OH, WHAT A DIFFERENCE a few weeks make. I’m talking snow cover here. With temps rising into the 40s, even 50s in some places in Minnesota, and sun shining bright in the afternoons, the snow pack is diminishing.

 

Photographed on February 15 while traveling along Interstate 90 in Wisconsin, this tree stand appears like an island in an ocean of snow.

 

I can now see patches of grass in my lawn, curbing along streets and indications that we are getting closer to spring. As a life-long Minnesotan, though, I recognize the potential for lots more snowfall, even into May.

But for now, we’re delighting in days that lean toward spring. Sixty degrees is forecast for this weekend. Imagine how that will facilitate snow melt. And lift spirits.

 

This hillside barn is located near Madison, in an area more urban than rural.

 

That all said, I’m finally getting around to sharing snowscape photos I took in mid-February while traveling along Interstate 90 in Wisconsin, eastbound toward Madison. Scenes along that route are becoming familiar to me now given the frequency of trips to visit our second daughter, her husband and our son in the capital city.

 

A pastoral scene along I-90 in southern Wisconsin.

 

Wisconsin, for all the jokes about beer, brats and cheese, and fan fanaticism for the Packers and Badgers, is a lot like Minnesota. Friendly folks. Diverse landscape. Mostly rural with just enough urban. Interesting. I’ve enjoyed exploring Madison from botanical gardens to art museums to a repurposed mill next to my son’s apartment building.

 

In the valley east of La Crosse, the length of this barn along I-90 impresses me.

 

A picturesque farm site sits in the valley.

 

Another long barn.

 

 

With the exception of Rochester, Minnesota, and La Crosse, Wisconsin, the four-hour drive to Madison from Faribault takes us primarily through rural regions.

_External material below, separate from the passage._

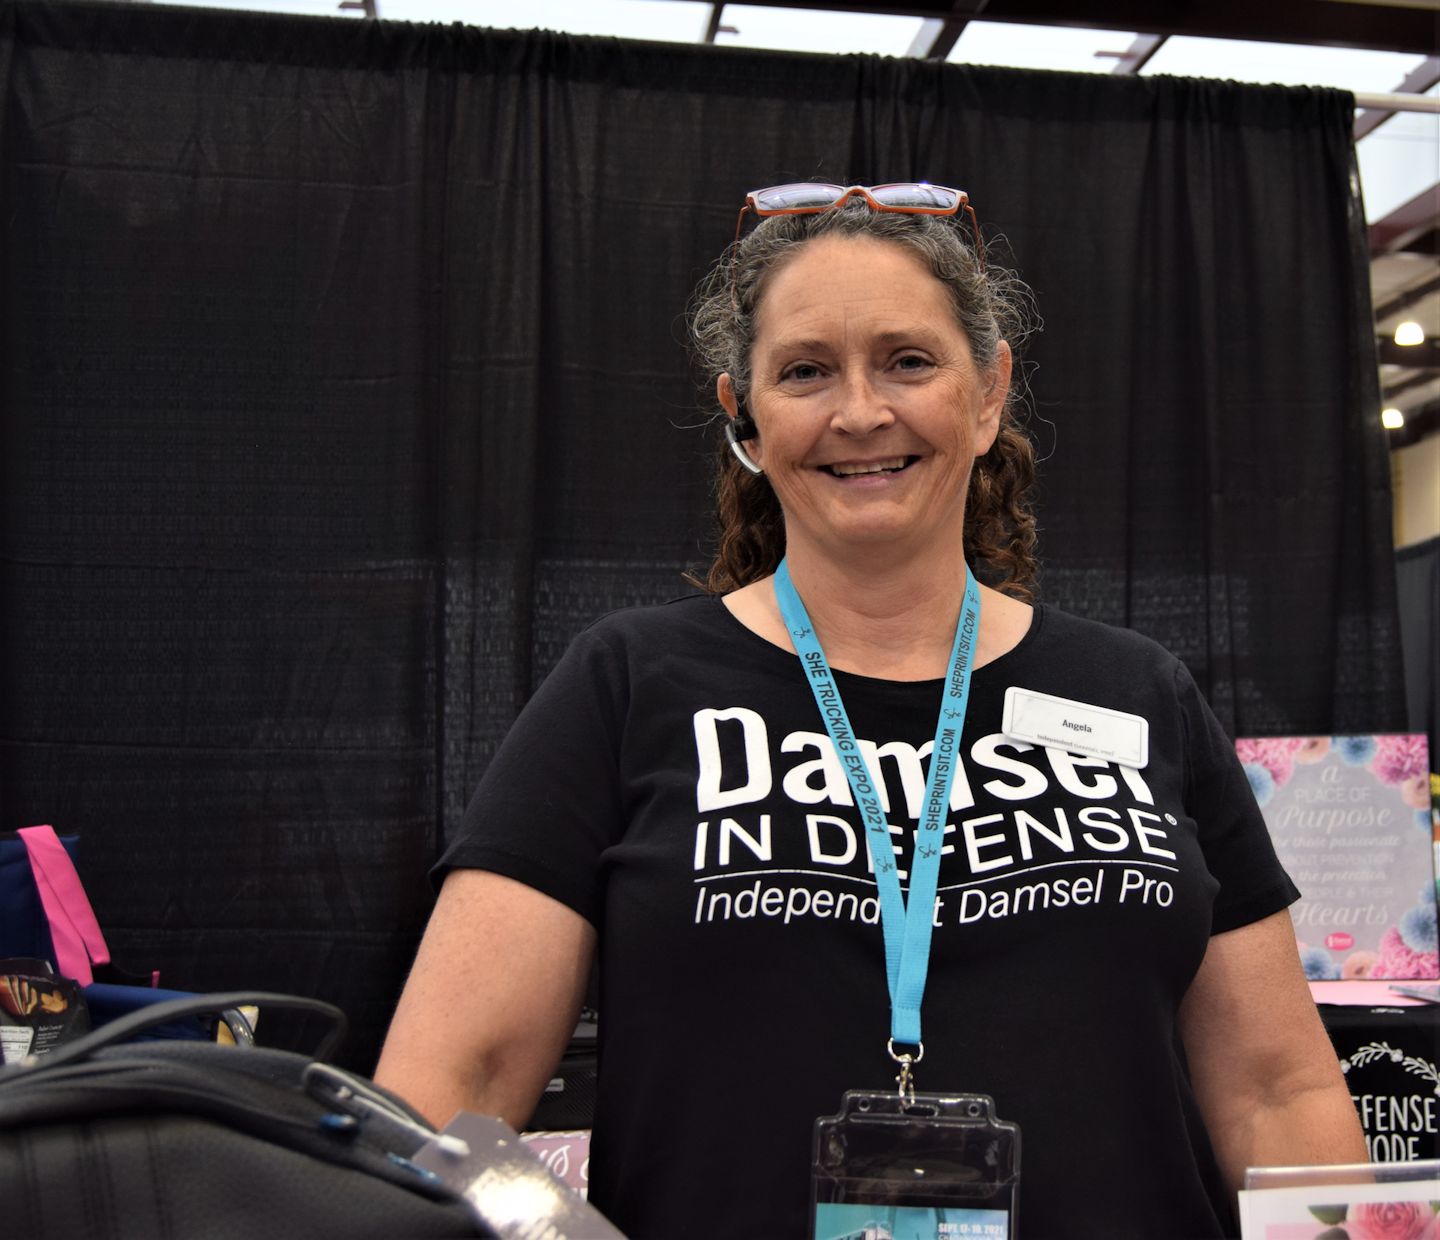 Among exhibitors was Angela Shufeldt, an independent reseller of Damsel in Defense products and an inland intermodal hauler for J.B. Hunt. As with Richardson, Shufeldt comes to the personal-safety/self-defense arena driven by personal experiences in past she wishes today she'd been better prepared for.

I especially like the area east of La Crosse where high rolling hills border farm fields and farm sites in the valley. Hills and wide sky dwarf the farms, a strong visual that always impresses upon me our smallness in this vast universe.

 

This scene, especially, emphasizes our smallness.

 

Such are my thoughts as we travel. I never tire of looking at these rural scenes, often wishing we had time to follow backroads deep into the hills. We did once, years ago while vacationing, and nearly lost our way such are the twisting paths within those hills.

 

Nearing Madison, a traditional farmhouse and barn define this farm.

 

I digress. I expect if I was to photograph these sames scenes today, they would appear much different with snow no longer defining the landscape. What a difference only a few weeks make…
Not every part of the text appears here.